Learning Objectives ILO

  • To make a presumptive diagnosis of enteric fever, also known as typhoid fever through the Widal lab test.
  • To perform the interpretation of widal test and understand the applications of Widal test.

Theoretical Background / Context

  • The Widal test is a serological test which is used for the diagnosis of enteric fever or typhoid fever. 
  • The test was developed by Greembaum and Widal in 1896. Typhoid or enteric fever is caused by a gram negative bacteria Salmonella enterica (Salmonella Typhi or Salmonella Paratyphi), found in the intestine of man. 
  • Salmonella paratyphi also causes Typhoid but in a milder form.
  • Salmonella possesses O antigen on their cell wall and h antigen on their flagella. On infection, these antigen stimulates the body to produce specific antibodies which are released in the blood. 
  • The Widal test microbiology is used to detect these specific antibodies in the serum sample of patients suffering from typhoid using antigen-antibody interactions. 
  • These specific antibodies can be detected in the patient’s serum after 6 days of infection (fever).
  • Salmonella Typhi possesses O antigen on the cell wall and H antigen on flagella. 
  • Salmonella Paratyphi A and S. Paratyphi B also possess O antigen on their cell wall but have AH and BH antigen on their flagella respectively.

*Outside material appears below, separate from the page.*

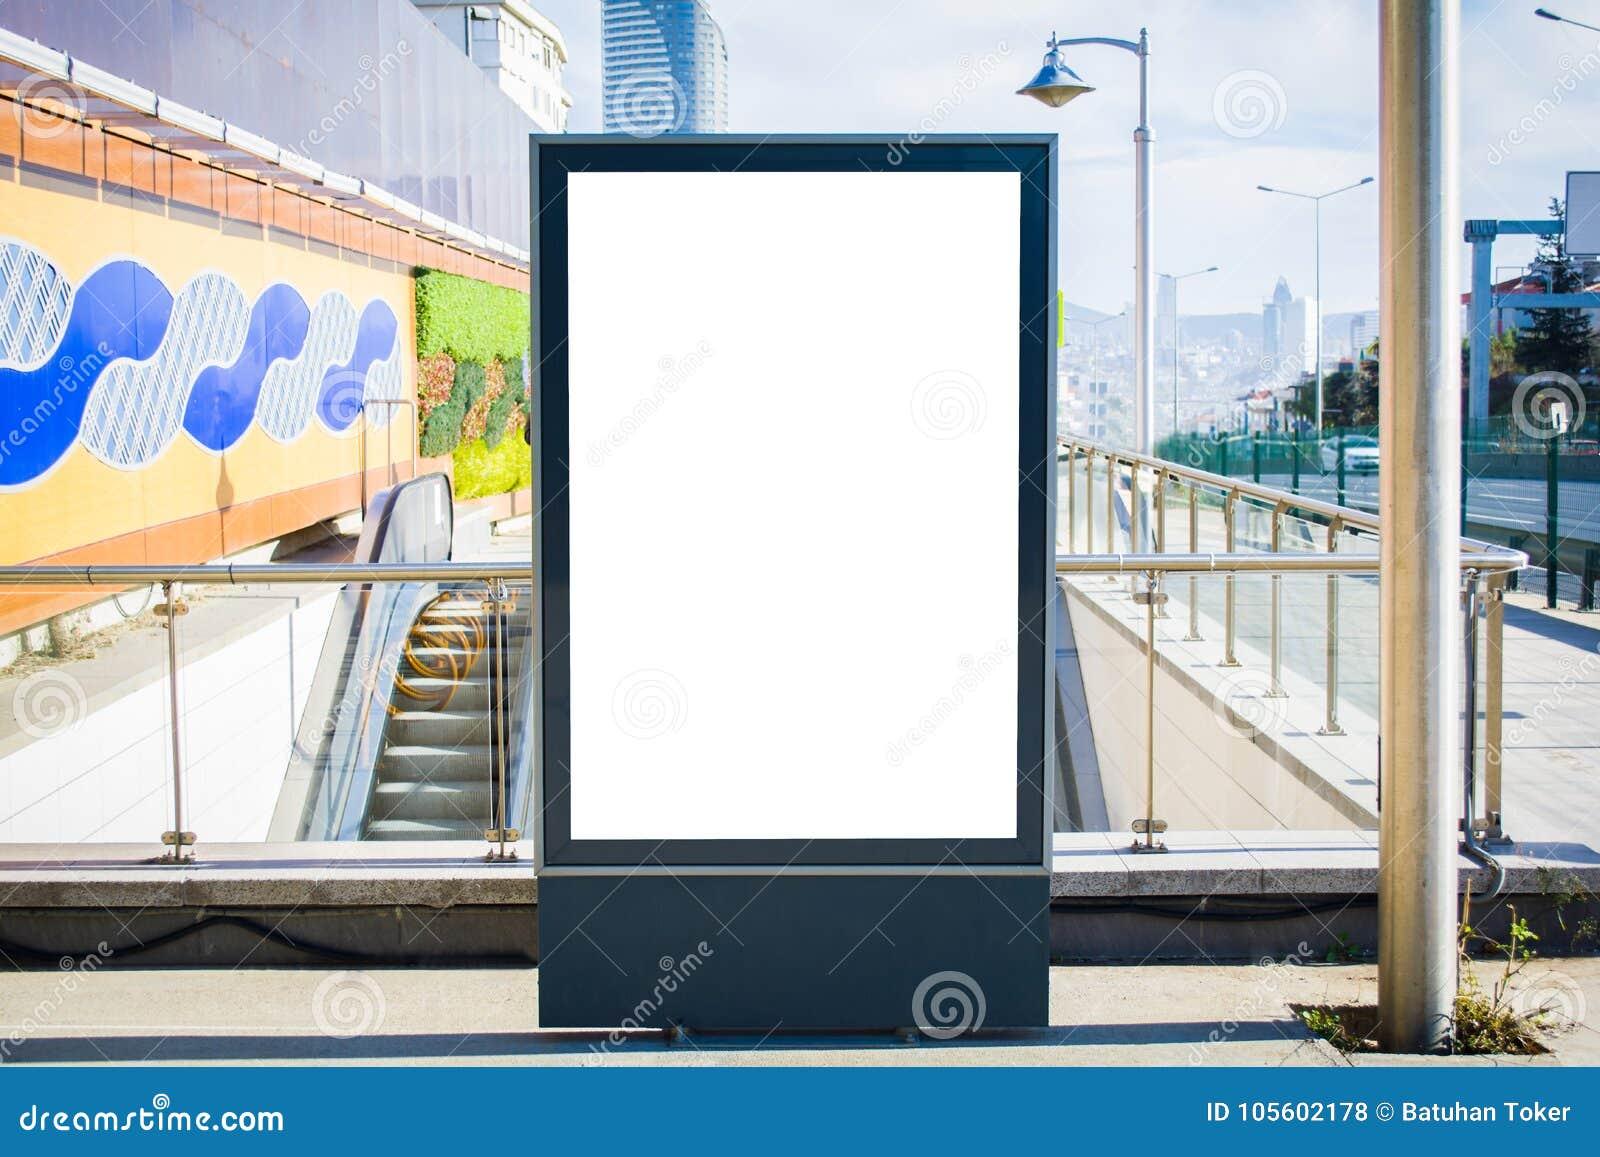 Αγγελία υπογείων στα κενά πλήθη Κωνσταντινούπολη πινάκων διαφημίσεων σταθμών Γουώλ Στρητ
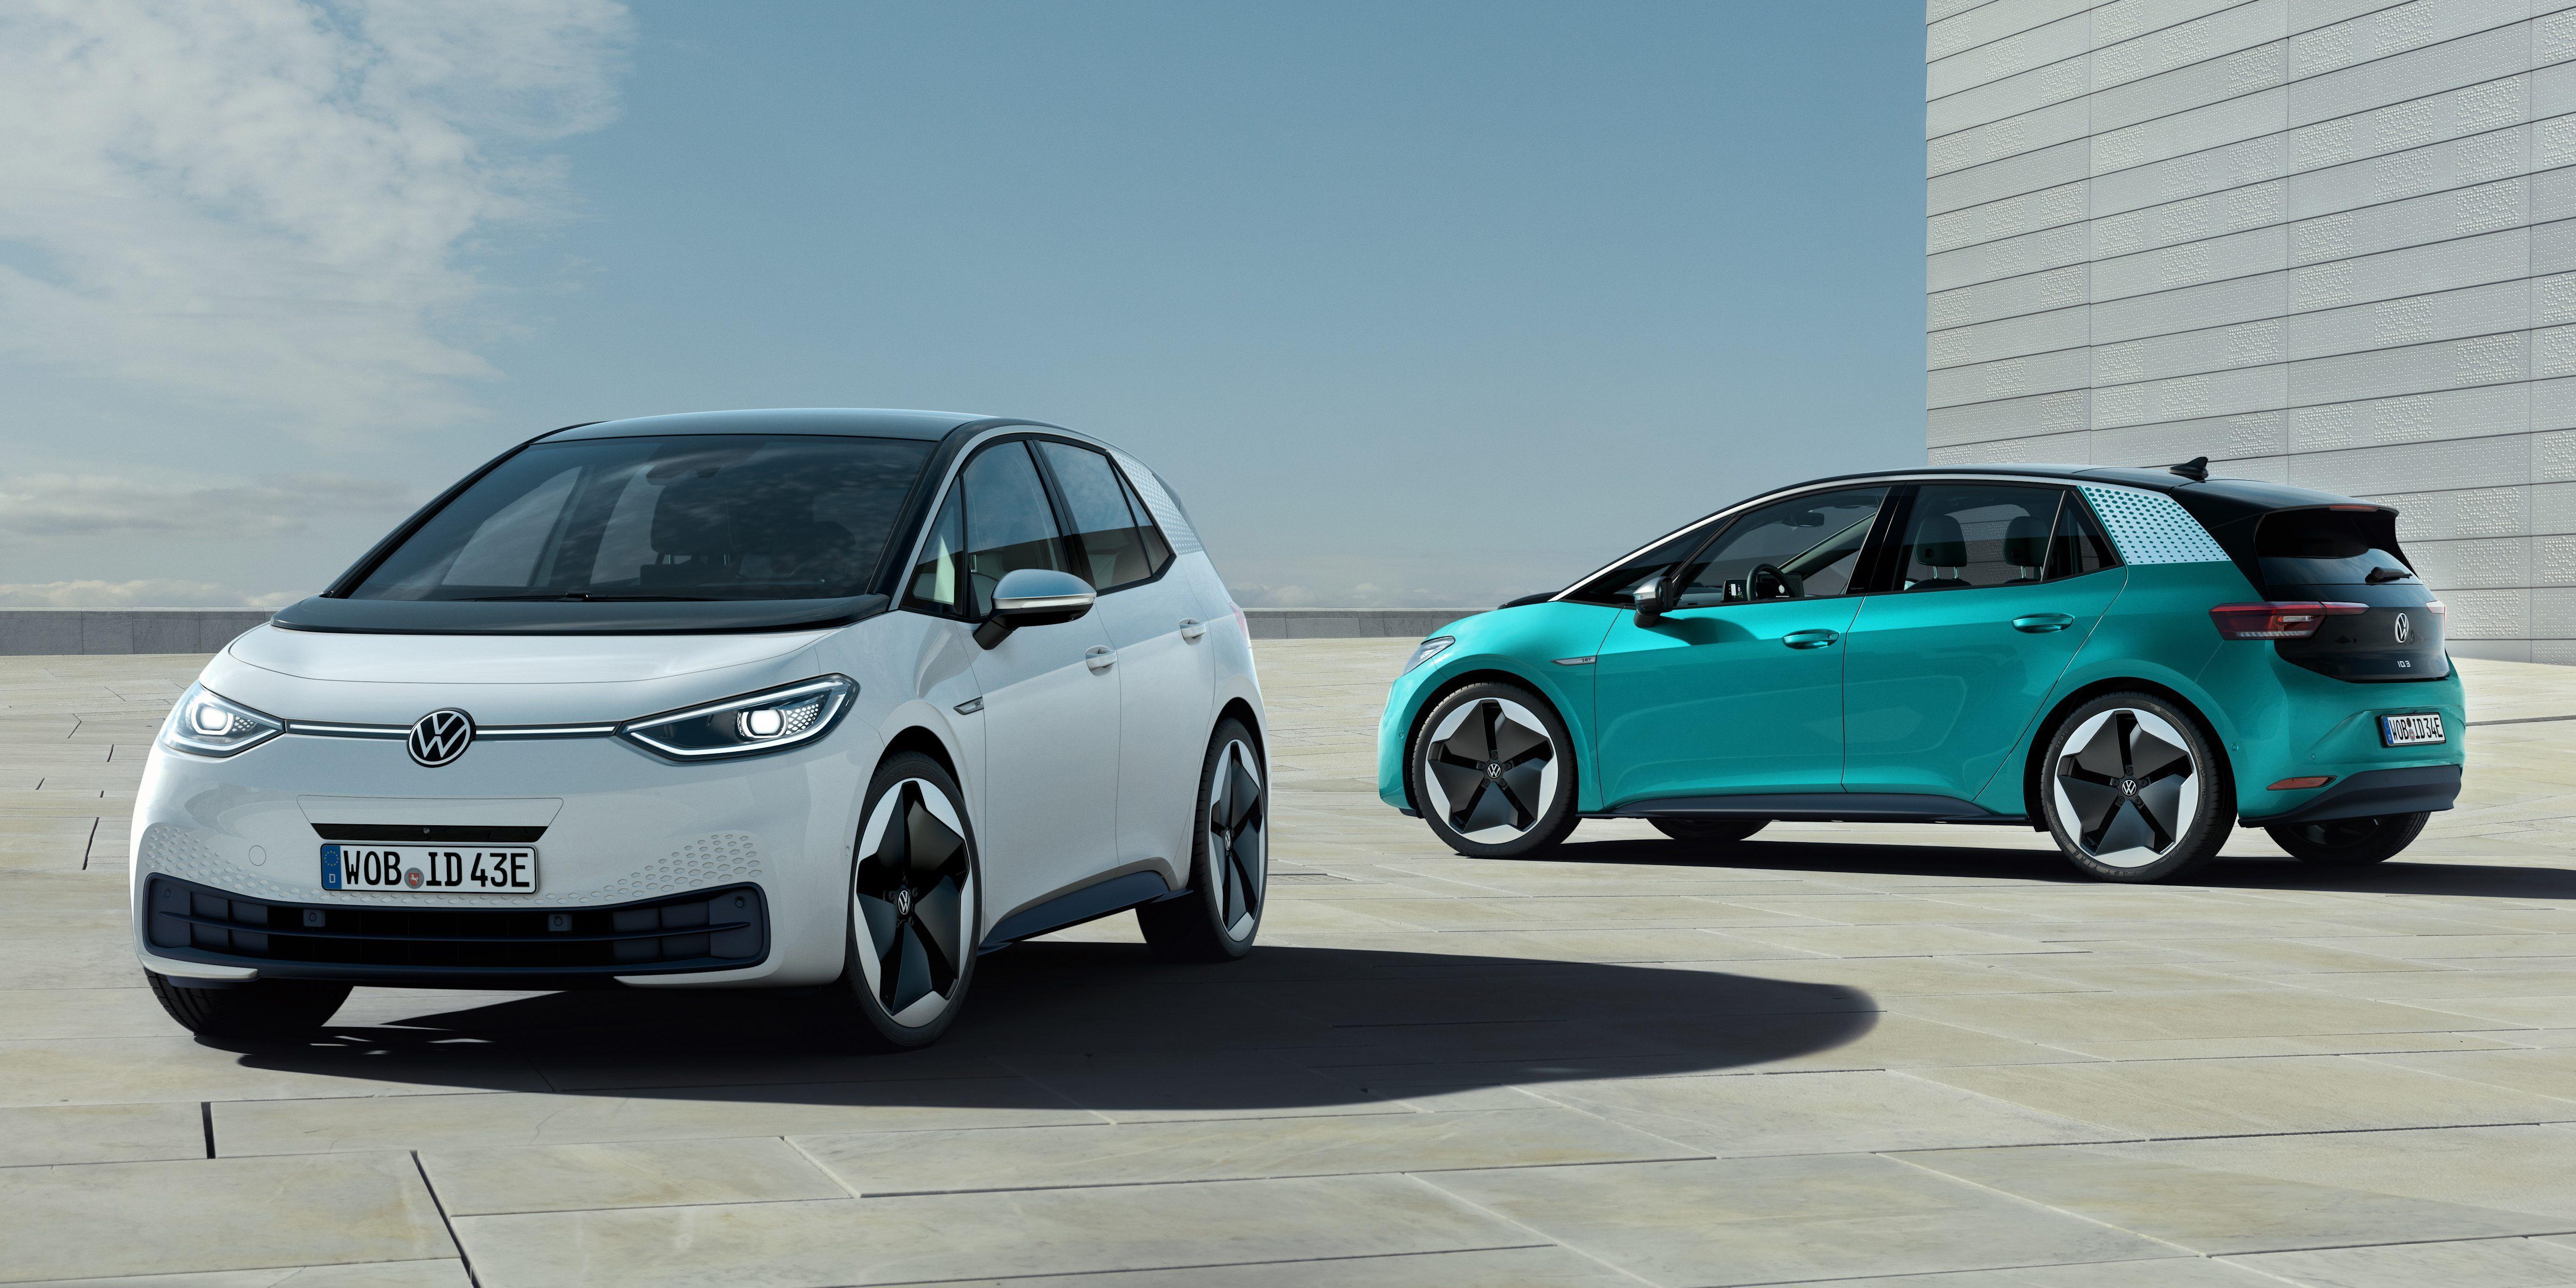 Volkswagen_ID3

Widal Test Principle of Work

  • Widal test is an agglutination test in which specific typhoid fever antibodies are detected by mixing the patient’s serum with killed bacterial suspension of Salmonella carrying specific O, H, AH, and BH antigens and observed for clumping ie. 
  • Antigen-antibody reaction. The main principle of the Widal test is that if the homologous antibody is present in the patient’s serum, it will react with the respective antigen in the suspension and gives visible clumping on the test slide or card using the tube agglutination test methodology.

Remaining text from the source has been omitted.